The place I chose to look was a small bench from which our fort would be visible by day. There was a seep nearby and a number of big, old trees. There was an overhang of rock, a sort of wind-hollowed cave that would provide shelter from the rain.

Moving carefully along a hillside I had once crossed in stalking a deer, I crouched in the trees to look over the bench. A small fire smoldered near the overhang and I could see the bunched bodies of sleepers.

The fire had been built where others before it had been, under a waterworn crack that allowed the smoke to escape, a sort of natural chimney in the rock.

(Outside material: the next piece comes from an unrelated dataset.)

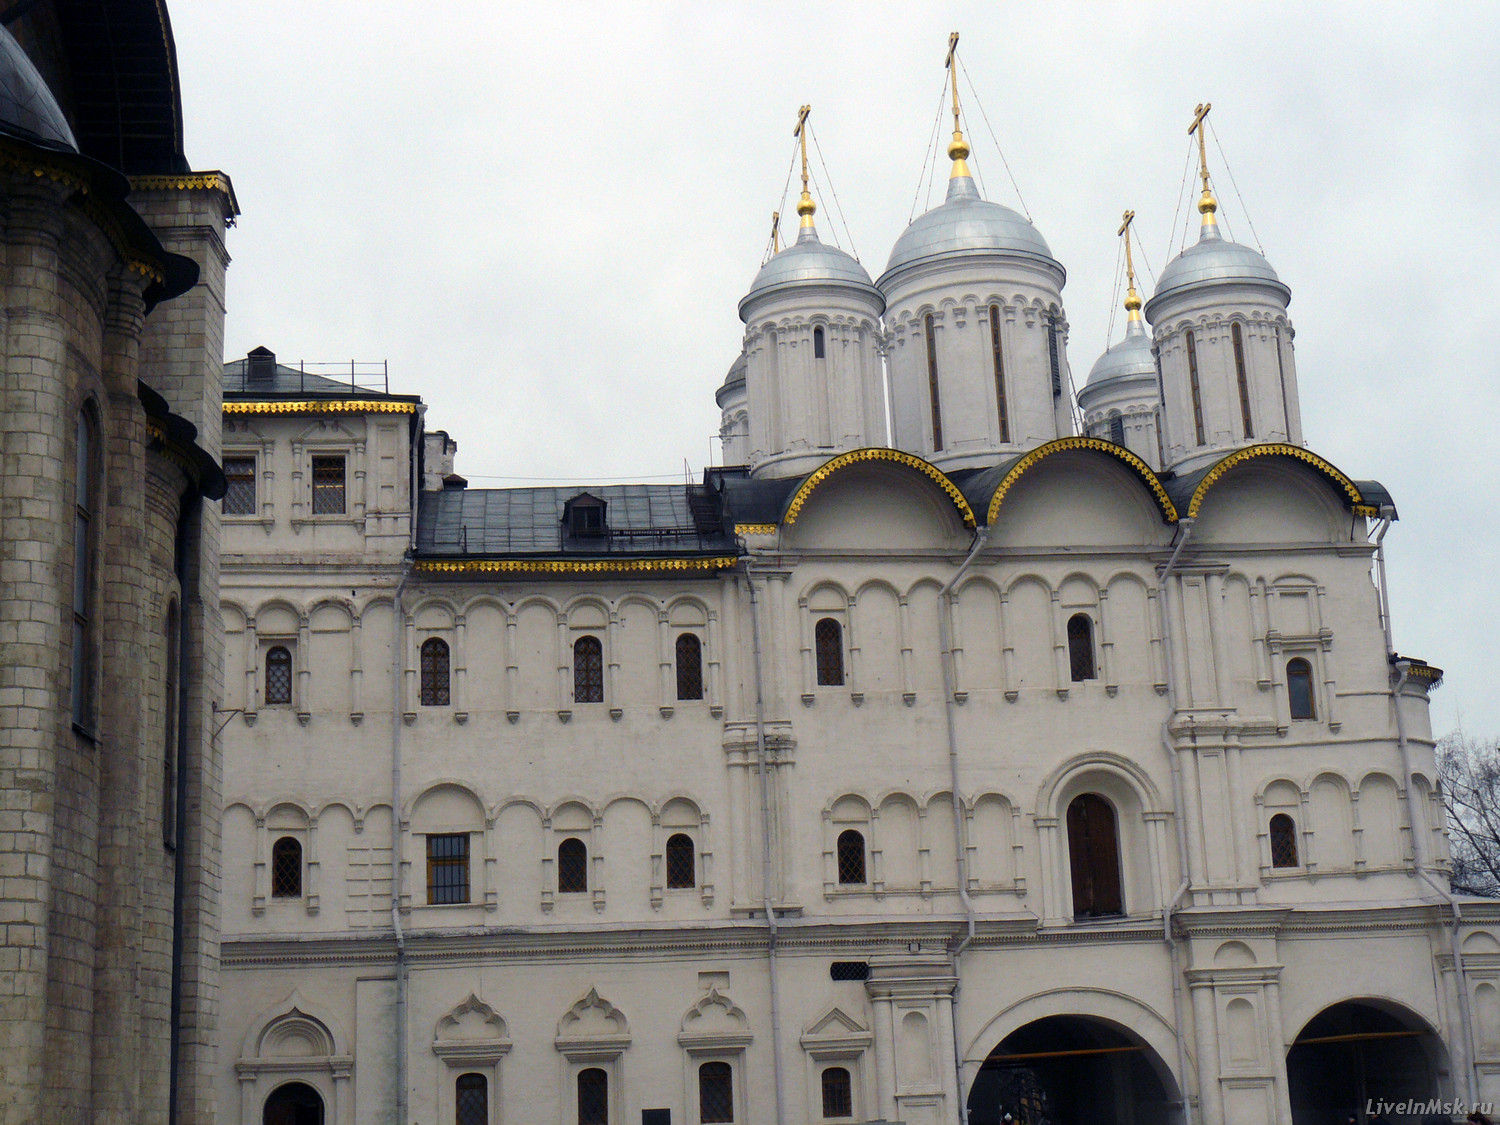 Патриаршие палаты с церковью Двенадцати апостолов, фото 2014 года

The idea came gradually as I sat studying the layout. Not twenty yards from the cave a small stream trickled down among the rocks, its nearest approach to the cave being on a level with the top of the overhang. The stream veered off to the east, but the ground near it sloped to the west. At one time the stream must have flowed that way.

Why not again?

Easing back from my vantage point I went up the slope through the trees. Crouching in the darkness beside the stream I studied it and made up my mind. Keokotah was sure the Indians who had come with Kapata were losing their enthusiasm. Kapata had failed to give them the quick victory expected, and they had not taken the scalps they wanted. Maybe we could discourage them some more.

Following the trough where the stream had flowed in the long ago I came to its banks. What I had was just an idea. The stream was no more than two feet wide and perhaps a foot deep or less. As always there were fallen trees lying about. Choosing one, I upended it and tipped it across the stream. It fell with a splash.

Lifting another, I dropped it in the water alongside the first, making a crude dam. Instantly the water was diverted and started down its old channel. It ran along swiftly, dropped through the crack from which the smoke issued, and flooded the floor of the small cave.